I want to factor the following polynomial:

b*p - b*q + c*q - c*r - a*(p - r)

When I use the function FactorTerms. I get the following result:

FactorTerms[b*p - b*q + c*q - c*r - a*(p - r), {p, q, r}]
// Output: (-a)*p + b*p - b*q + c*q + a*r - c*r

FactorTerms[b*p - b*q + c*q - c*r - a*(p - r), {a, b, c}]
// Output: (-a)*p + b*p - b*q + c*q + a*r - c*r

Using simplify actually gives me factors:

Simplify[b*p - b*q + c*q - c*r - a*(p - r)]
// Output: b*(p - q) + c*(q - r) + a*(-p + r)

The only problem is that I wanted the common terms to be p, q and r.

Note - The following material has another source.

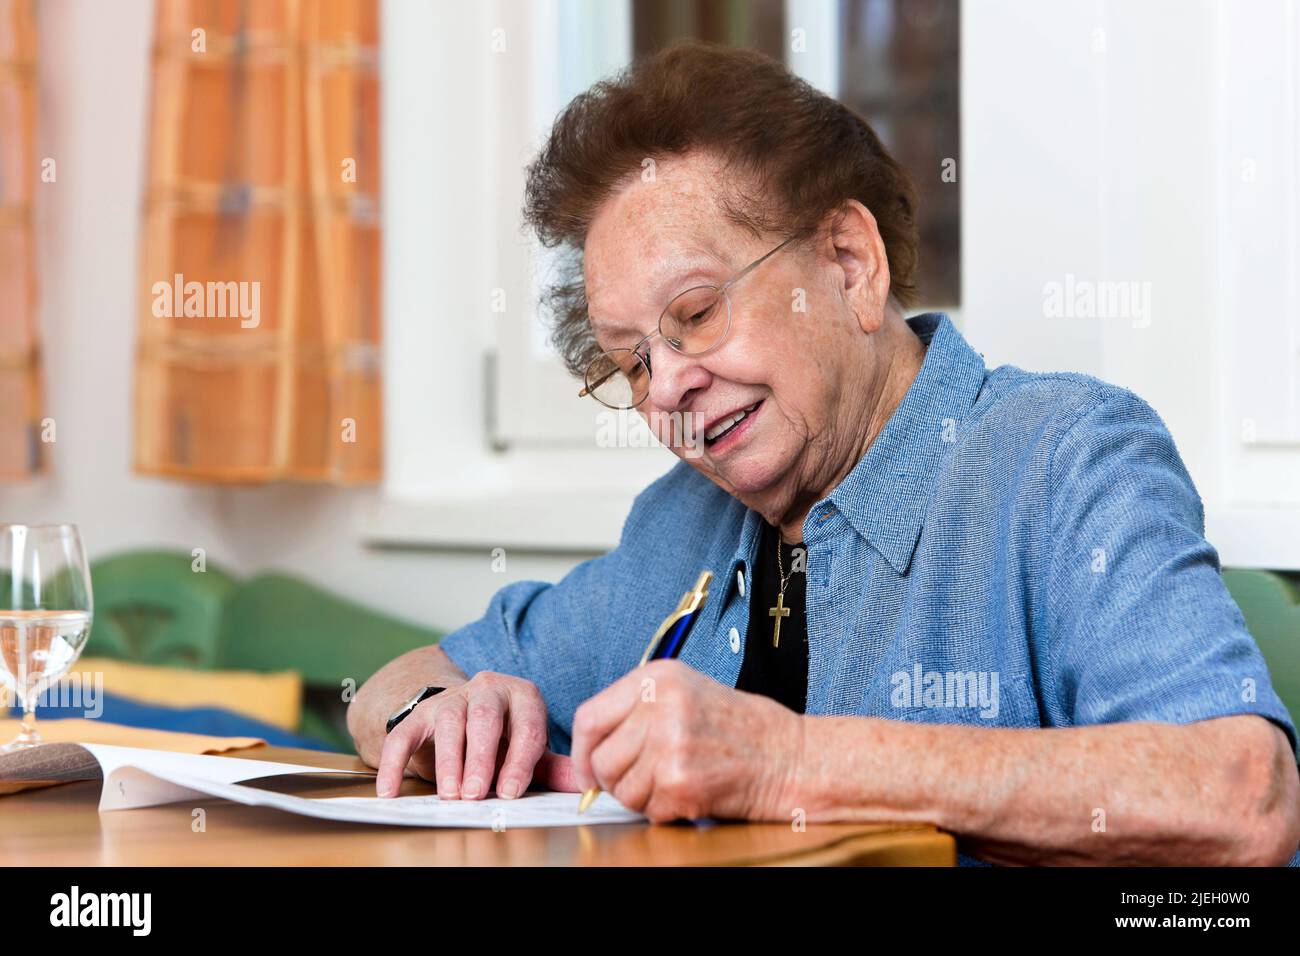 Eine alte Frau unterschreibt einen Vertrag, Senioren, Stock Photo

How can I tell Mathematica to factor a polynomial with specific common variables?


  • 1
    $\begingroup$ The Simplify result shows a sum, not a product. This is not going to be amenable to factorization. $\endgroup$ – Daniel Lichtblau May 3 at 14:42

You can use Collect here.

Collect[b*p - b*q + c*q - c*r - a*(p - r), {p, q, r}]

(-a + b) p + (-b + c) q + (a - c) r

It will also work for {a, b, c} as above. Also another fun thing with Collect. We can apply Factor to each coefficient obtained for {p,q,r} and I tweaked your polynomial a bit so p has a coefficient that can be factored.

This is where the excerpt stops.